CRC Looking Forward to 2025

CRC is always working to improve our service and capabilities, and to innovate. During 2024, we distributed a survey specifically for MPI users and a wide-ranging survey for all users. We closely studied the feedback from our users and worked to correct the problems they encounter. Our roadmap for 2025 and beyond reflects listening to our users and responding to existing concerns, but also our team’s exploration of the forefront of computing such as generative AI.

ChatCRC
One of the most significant new offerings will be ChatCRC, an internal large language model (LLM) to augment our support site. Built upon open-source foundational LLMs, we will use AI techniques such as RAG (Retrieval-Augmented Generation), LoRA (Low-Rank Adaptation of Large Language Models), and Fine Tuning to provide CRC-specific context to the LLMs.

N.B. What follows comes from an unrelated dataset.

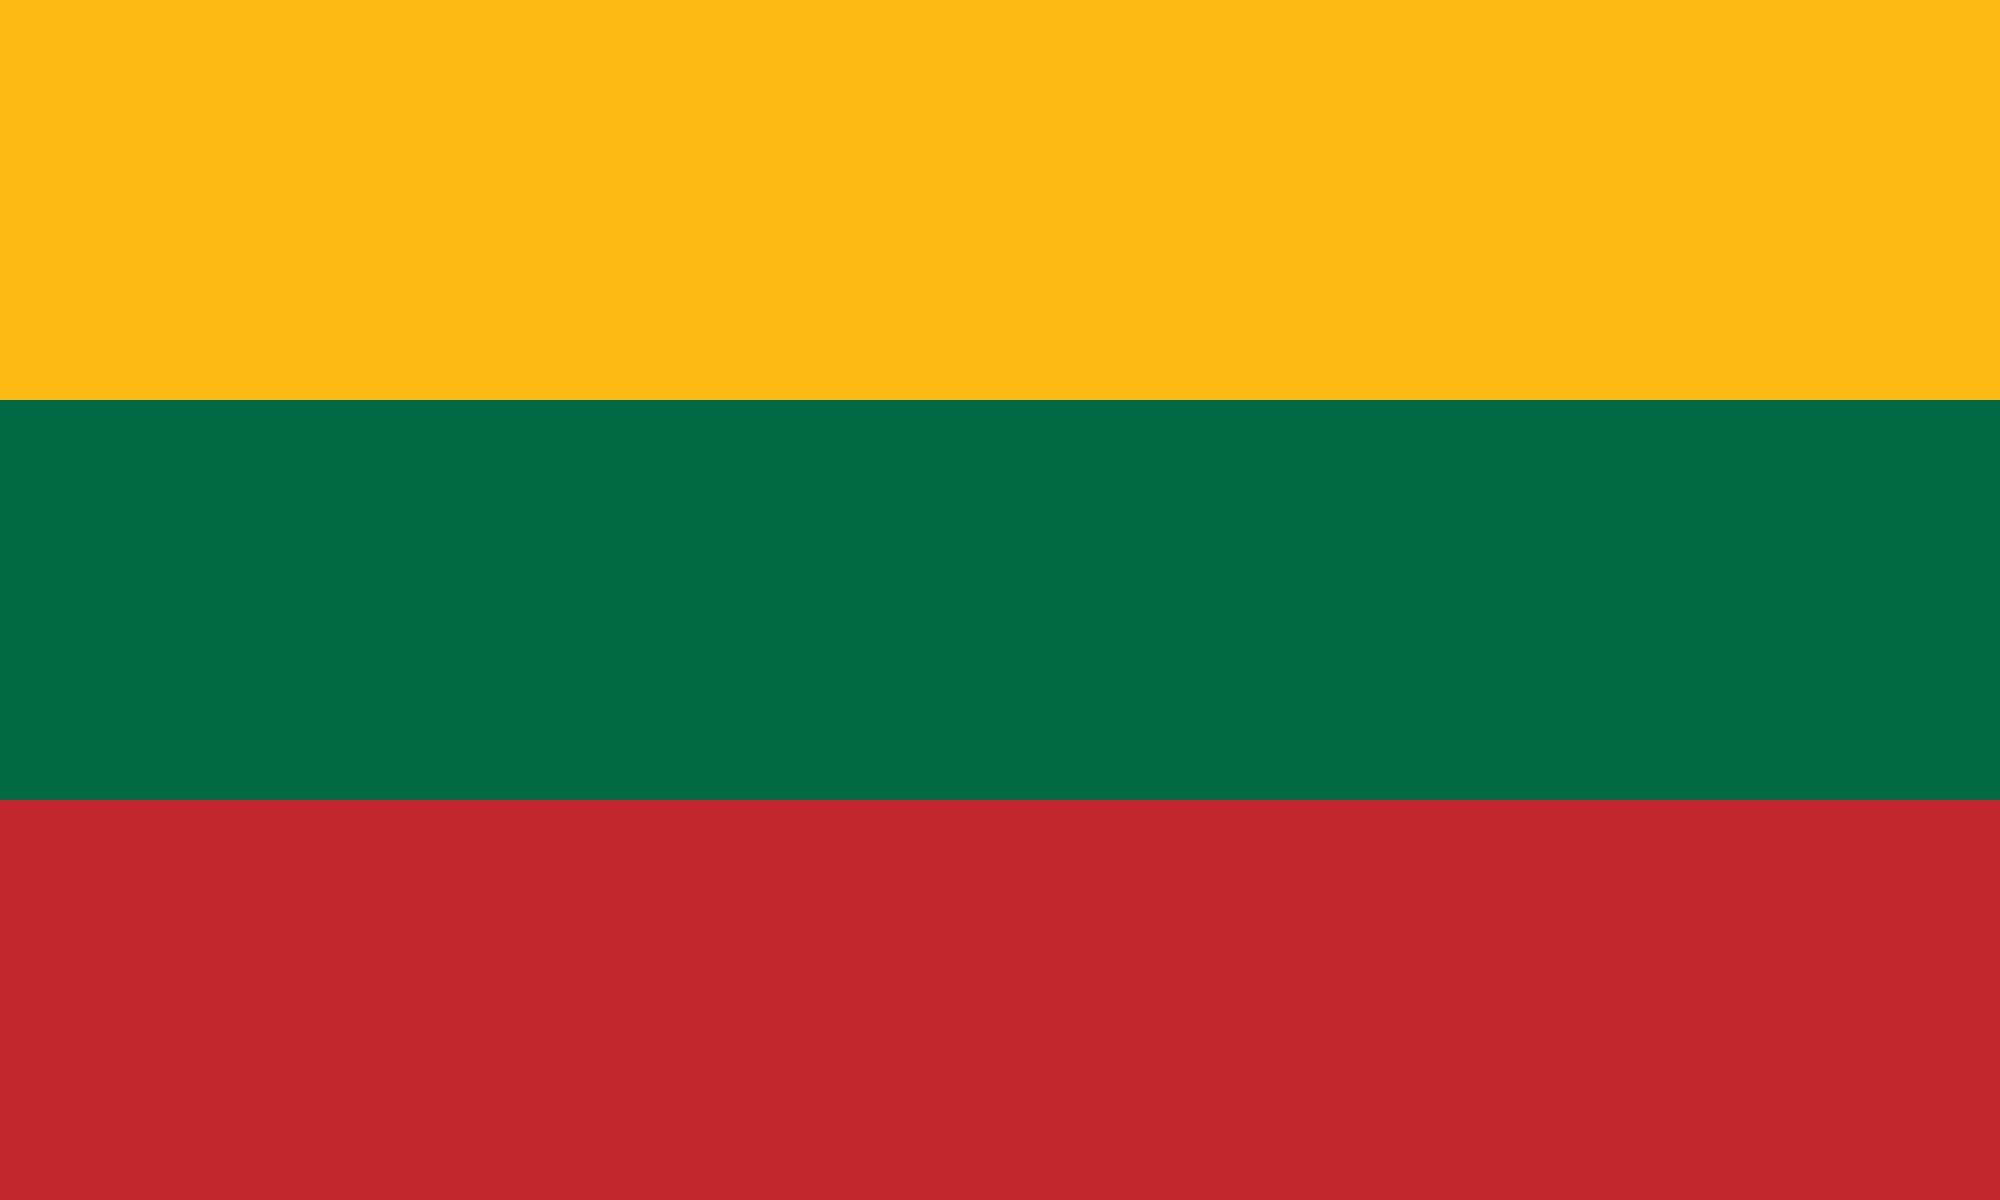 National Flag of Lithuania
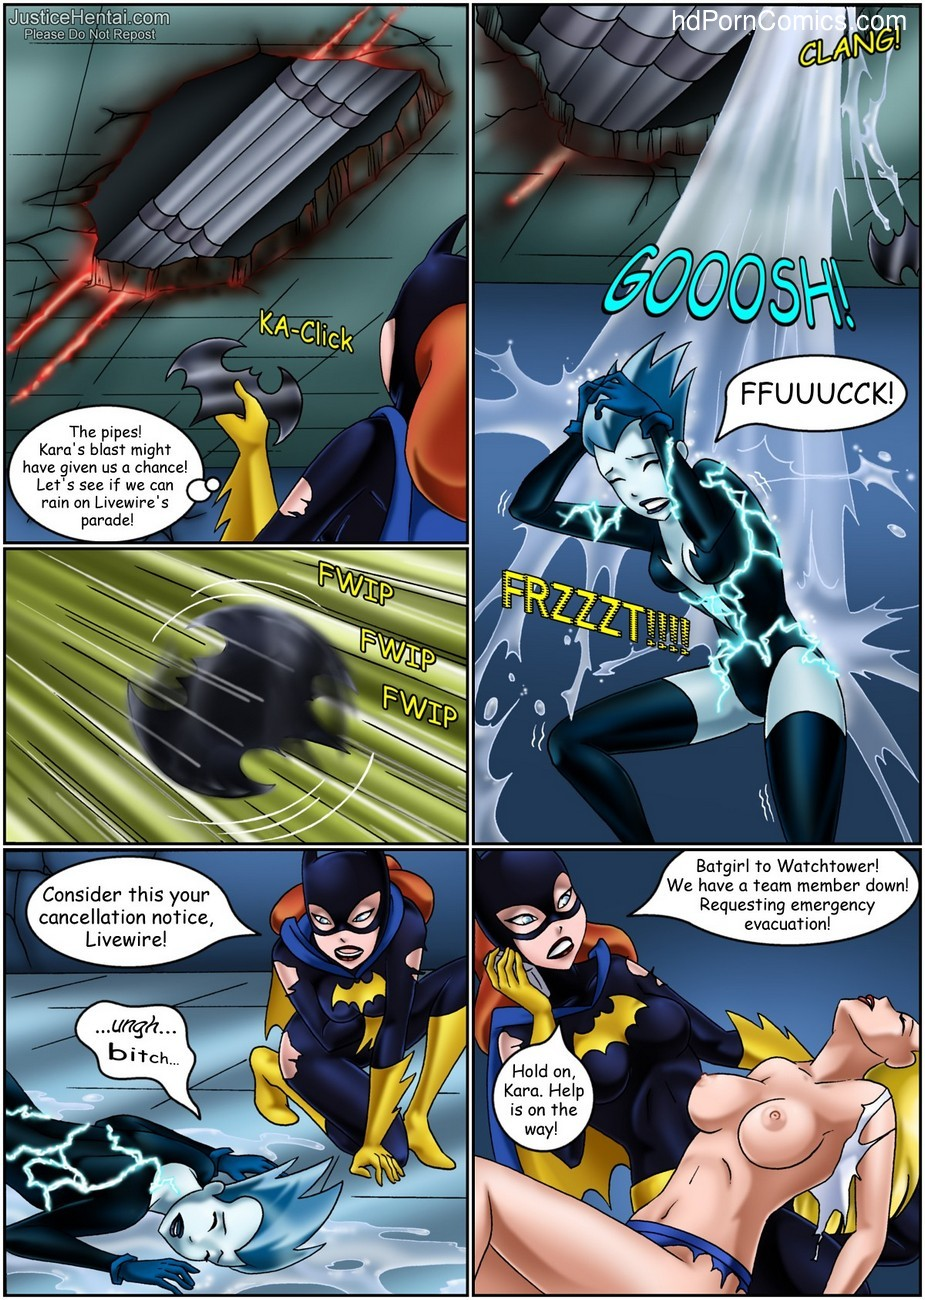 Justice Hentai 4 27 free sex comic

ChatCRC will become an integral part of CRC’s support. It will be trained on data from the CRC context, including help tickets, and be accessible via a portal with a UI interface. For example, you could ask ChatCRC how to create a job submission script for MATLAB, and it would be able to provide you with a usable job submission script. Essentially, you will be able to ask any question that would go into a help ticket submission.

Our aim is that ChatCRC will be able to provide not a generalized answer, but an answer that aligns with the specific setup of the CRC ecosystem. ChatCRC will be a co-pilot to augment our user support site. Now, we respond to a ticket first if you have read the manual. With the launch of ChatCRC, we will ask if you have read the manual and have chatted with ChatCRC. If you still have an issue, one of our consultants will work with you to find a solution.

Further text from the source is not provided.